◆ **TRY IT**
Print the listing below only from the line that has "Англия - Парагвай" through the line that has "Dia 23 - domingo", exactly, and drop any picture.

◆ **RECORDS FOR PROCESSING**
·····

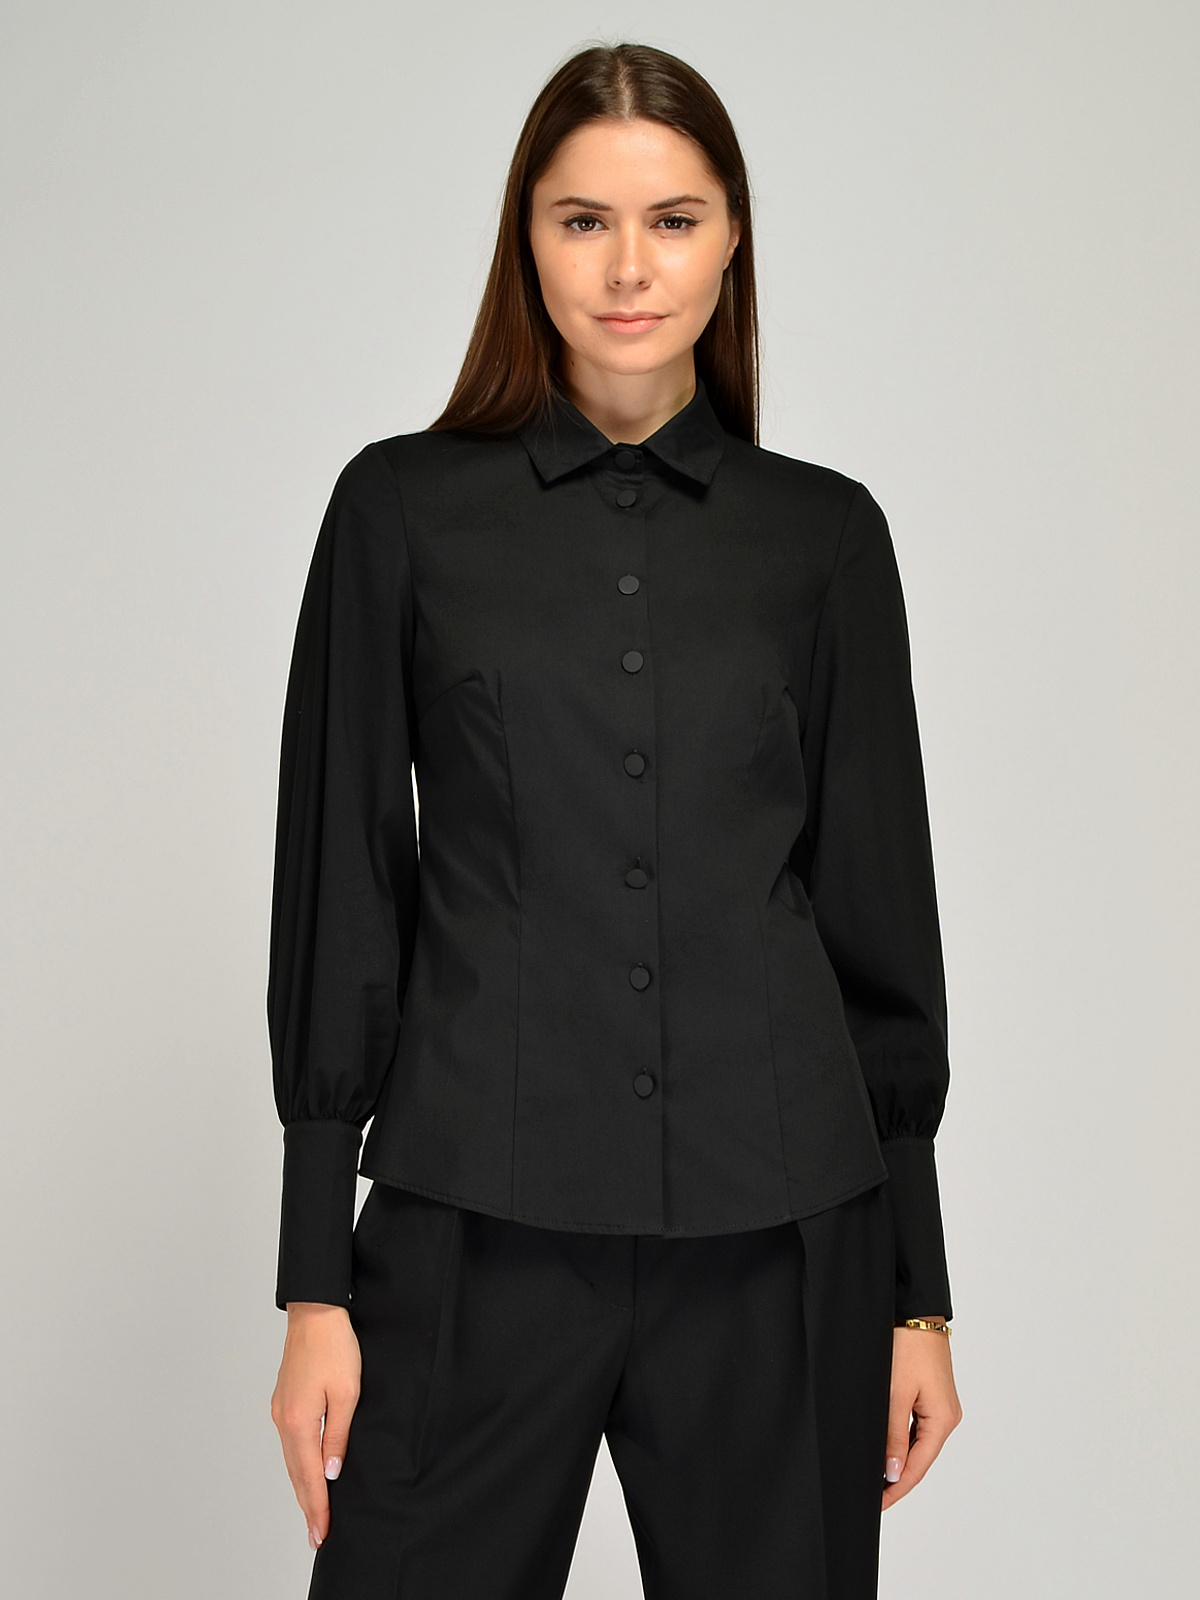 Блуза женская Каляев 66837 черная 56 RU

·····

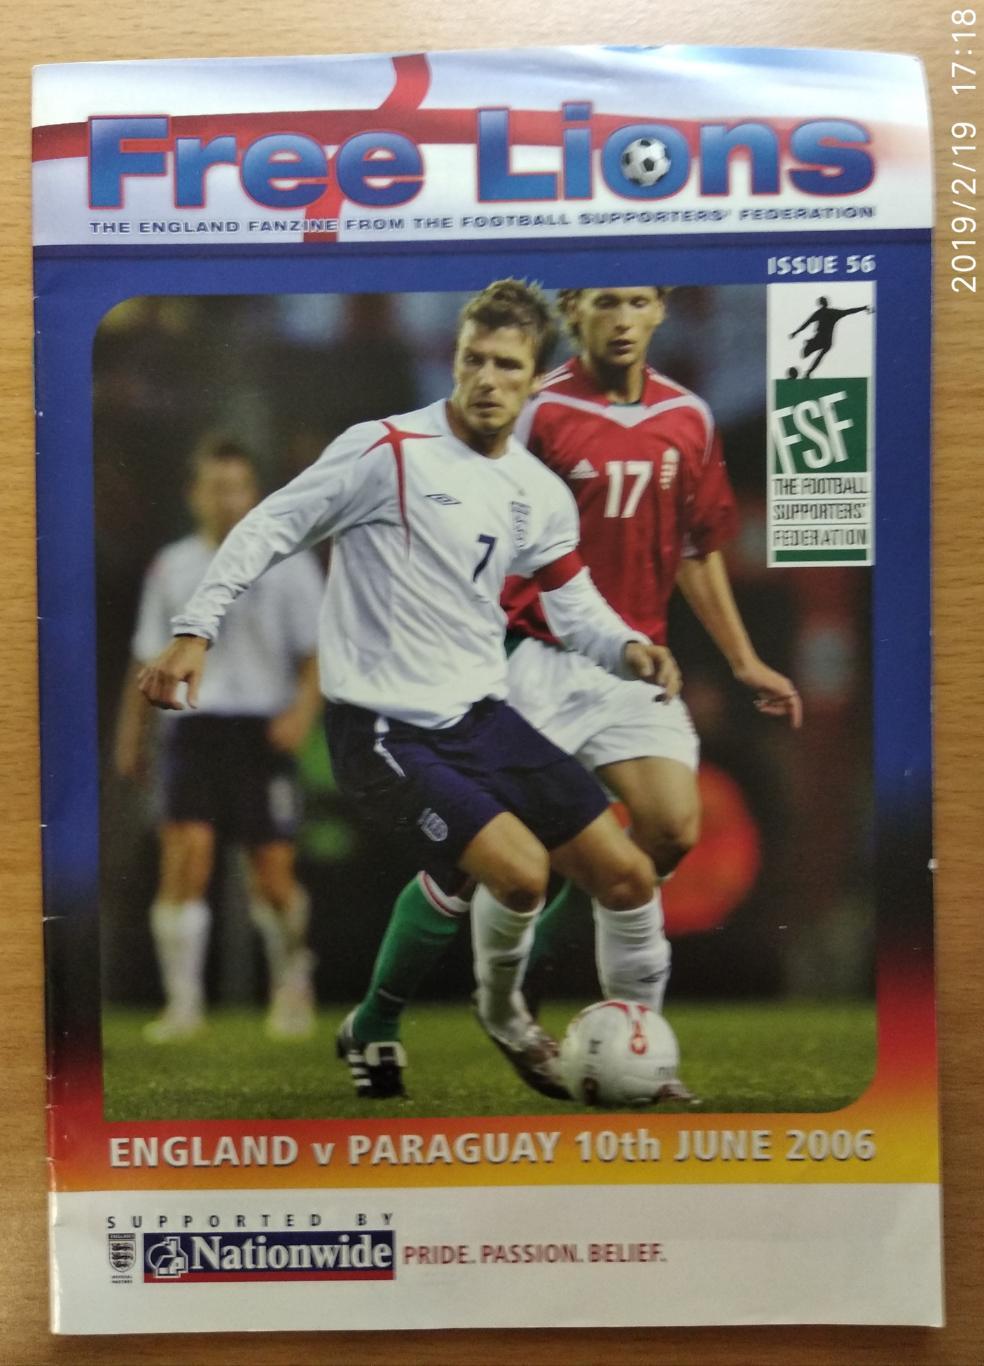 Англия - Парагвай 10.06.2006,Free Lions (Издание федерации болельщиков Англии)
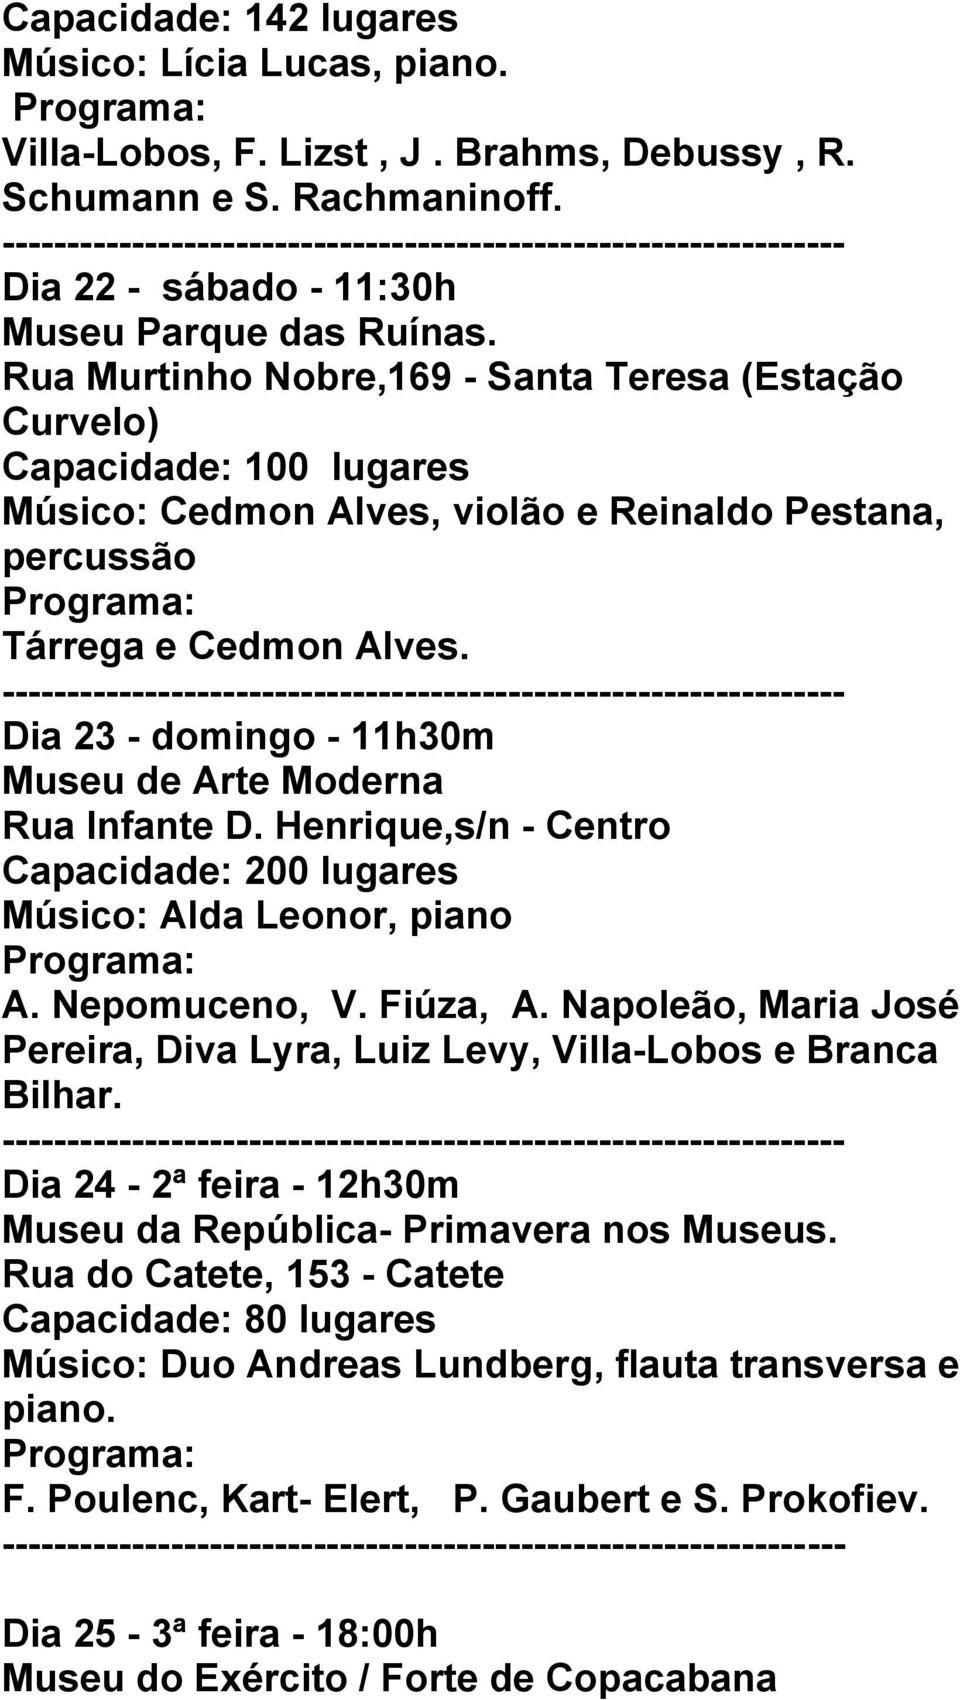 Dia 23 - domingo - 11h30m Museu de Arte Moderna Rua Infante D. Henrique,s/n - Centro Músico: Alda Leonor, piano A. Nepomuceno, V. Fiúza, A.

·····

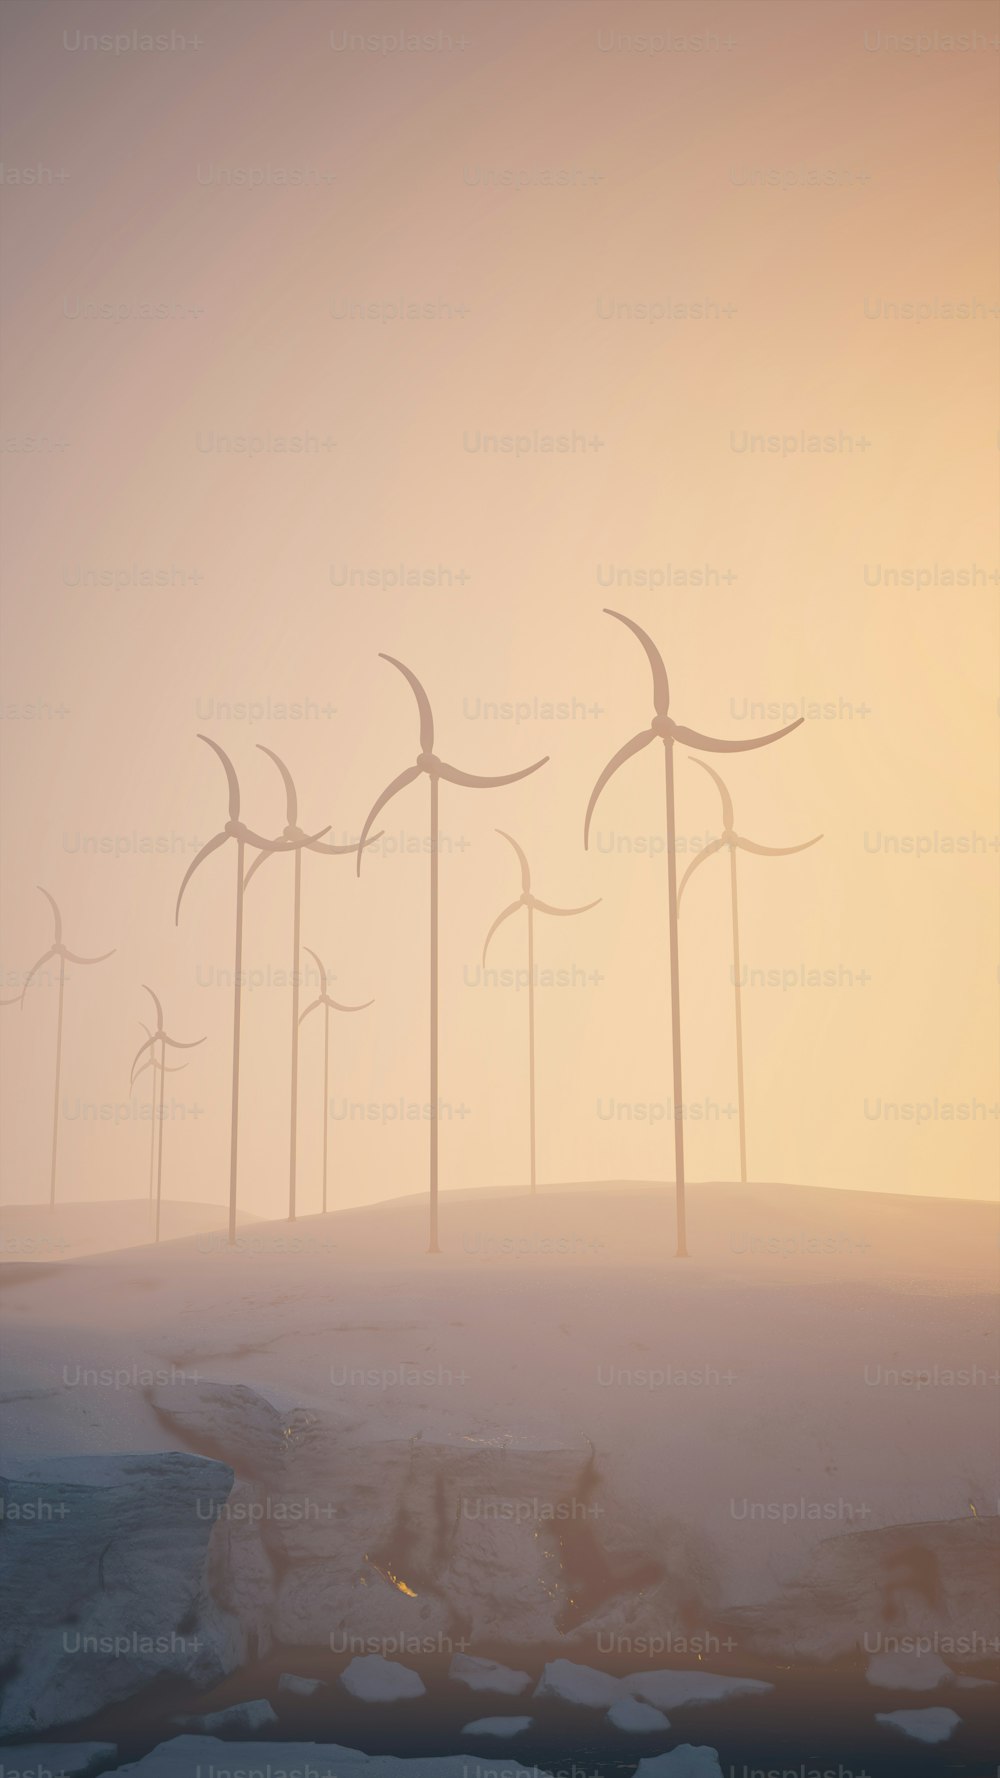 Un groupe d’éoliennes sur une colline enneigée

·····

◆ **RESULT OF THIS TASK**
 Англия - Парагвай 10.06.2006,Free Lions (Издание федерации болельщиков Англии)
 Dia 23 - domingo - 11h30m Museu de Arte Moderna Rua Infante D. Henrique,s/n - Centro Músico: Alda Leonor, piano A. Nepomuceno, V. Fiúza, A.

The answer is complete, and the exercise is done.